In the first scenario, we cannot see that you will be criticised for paying creditors as soon as you have agreed their claims, whether submitted on a formal proof or by way of copy invoices, statement of account, or some other means, in order to minimise statutory interest payable, and without issuing a notice of intended dividend. Indeed, you would leave yourself open to a complaint from a member if you did go through the formal process of issuing a notice of intended dividend and then delayed making a distribution until after the last date for proving had passed. So, what documentation should you have on the file? Assuming that such an approach is possible, then one suggestion would be to declare a dividend on day one. There is no requirement for a dividend to be paid on the day that it is declared, although in practice that will usually be the case in other case types. Instead, you can pay the dividend as and when the claims are received from creditors and agreed. When you pay creditors, prepare and issue a notice of declaration of dividend to them. The notices will always show the original date for the declaration of dividend, but each one would differ slightly as regards the total amount distributed, being the total amount distributed to date, and the amount retained to provide for known claims that have not been paid to date. As suggested above you should Gazette for claims on appointment.
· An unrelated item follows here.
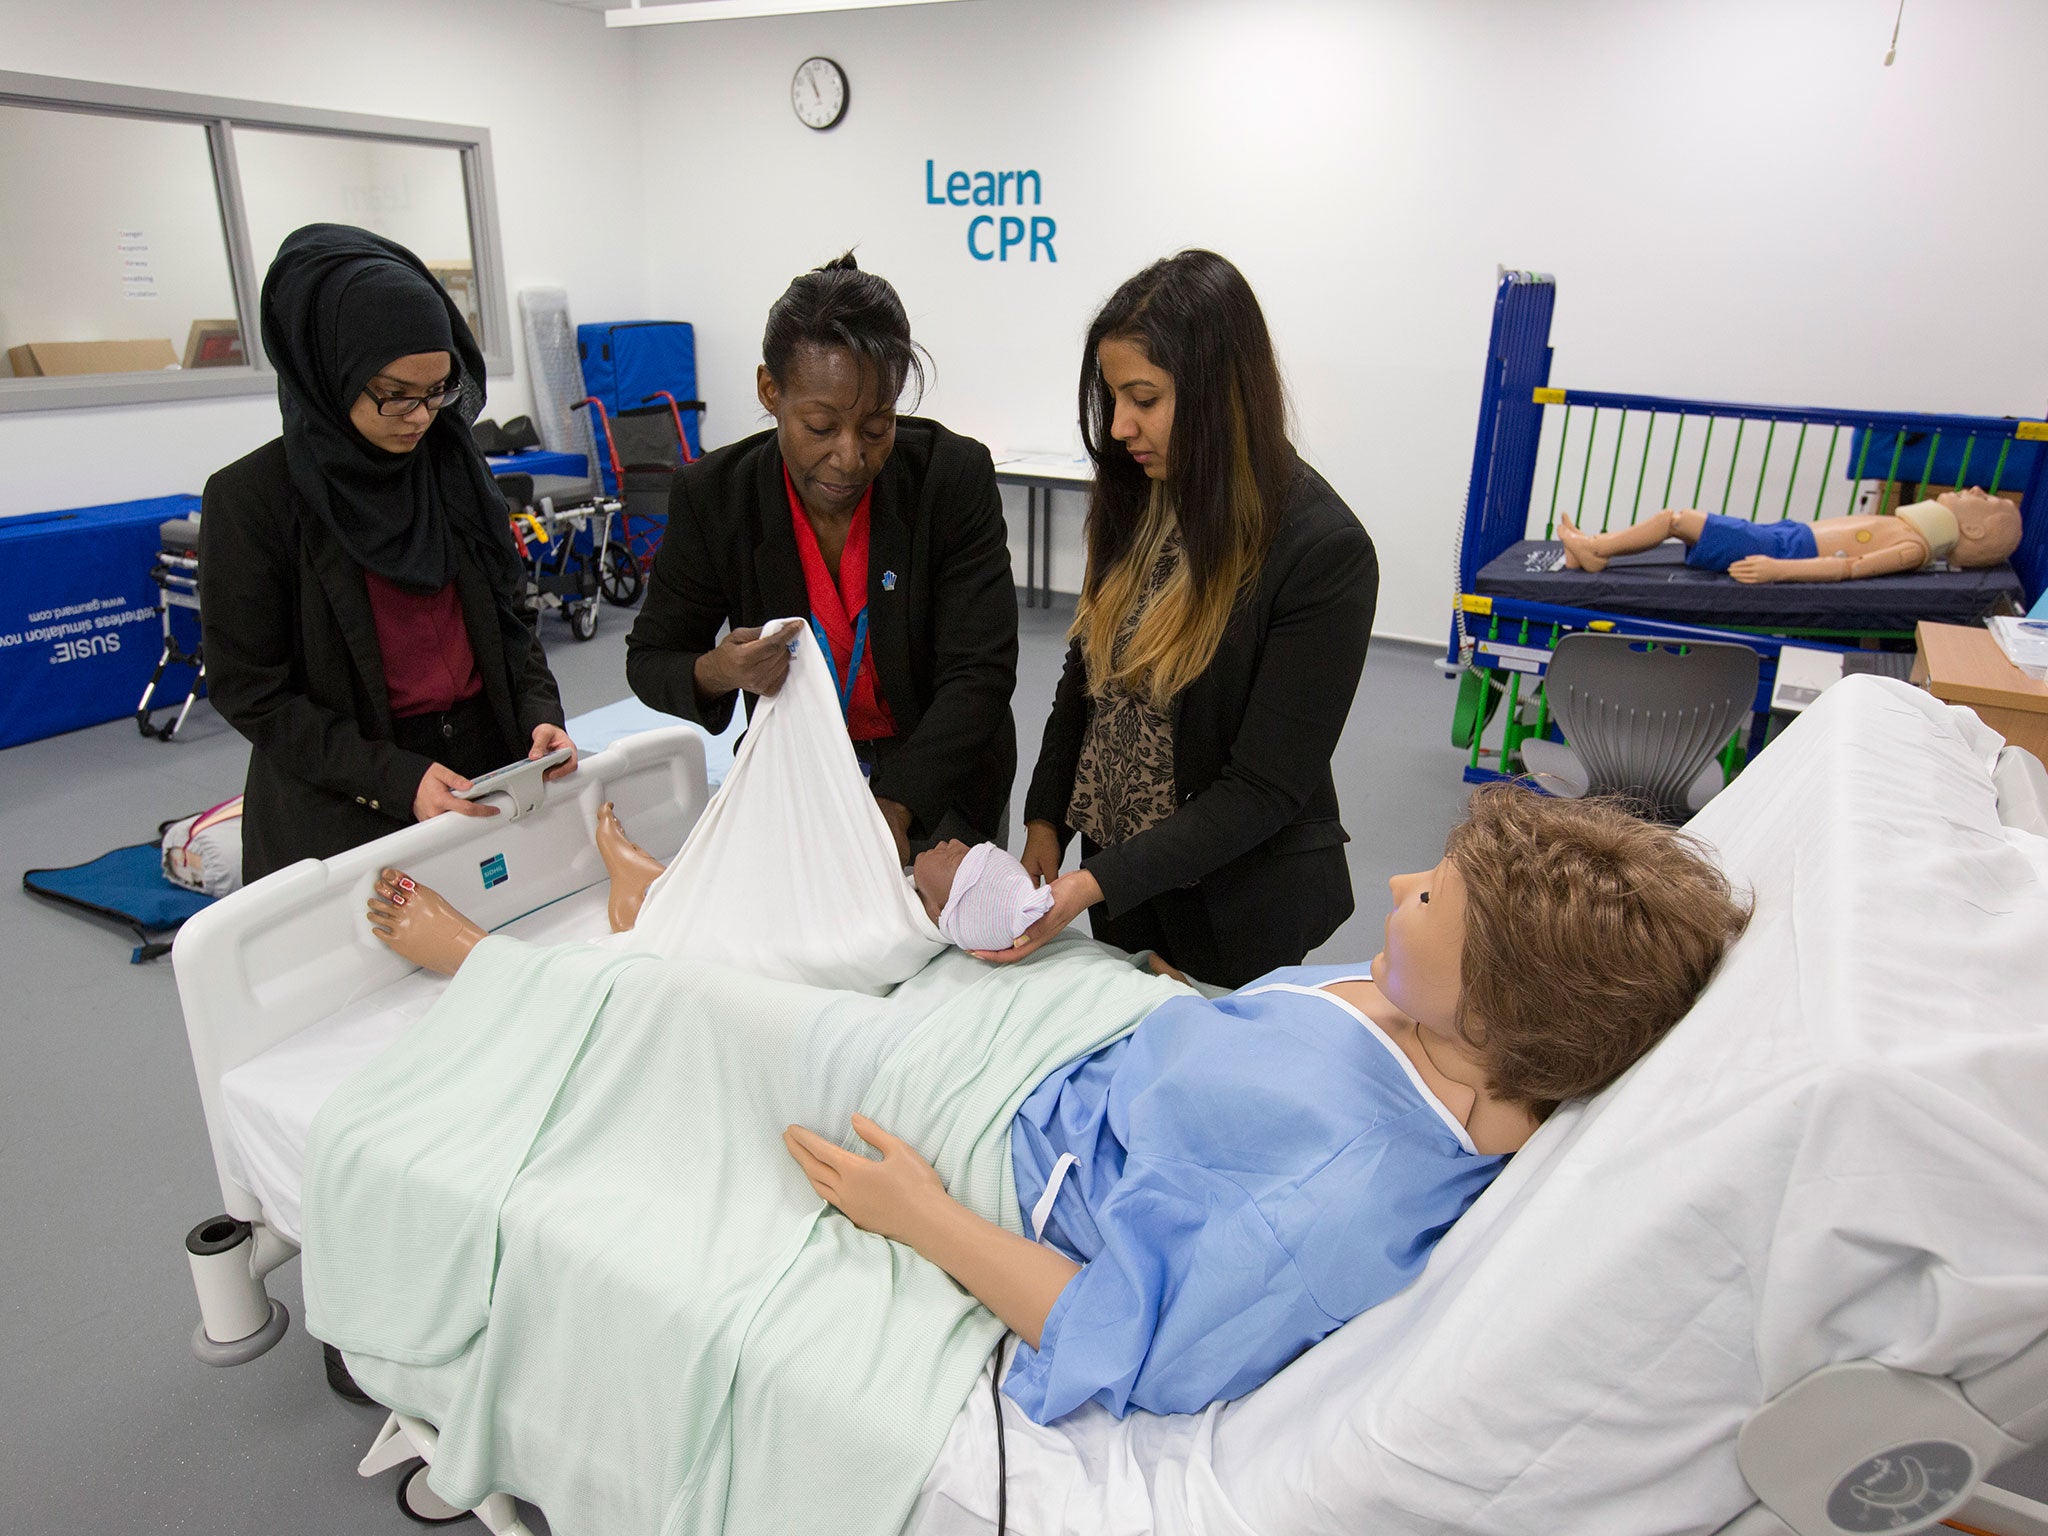 Students learn how to deal with patients on a mock-up of a hospital ward (called a simulation ward) at the Health Futures University Training College in West Bromwich

In the second scenario, it is safest to go through the formal process of issuing a notice of intended dividend to all known creditors and either Gazette for claims on appointment or Gazette the notice of intended dividend. If the notice of intended dividend is Gazetted then it needs to include the additional wording required by rule 14.28(1)(c), indicating that the distribution may be made without regard to the claim of any person in respect of a debt not proved. Claims are then agreed, or provided for, in the normal way and once the last date for proving has passed a first and final dividend is declared, assuming that a dividend of 100p in the £ with statutory interest can be paid. If it cannot, then conversion to CVL will follow.

Finally, as with all decisions made on cases, in order to comply with regulation 13 of the IP Regulations 2005 and SIP 1, prepare a file note explaining the reasons for the approach that you take.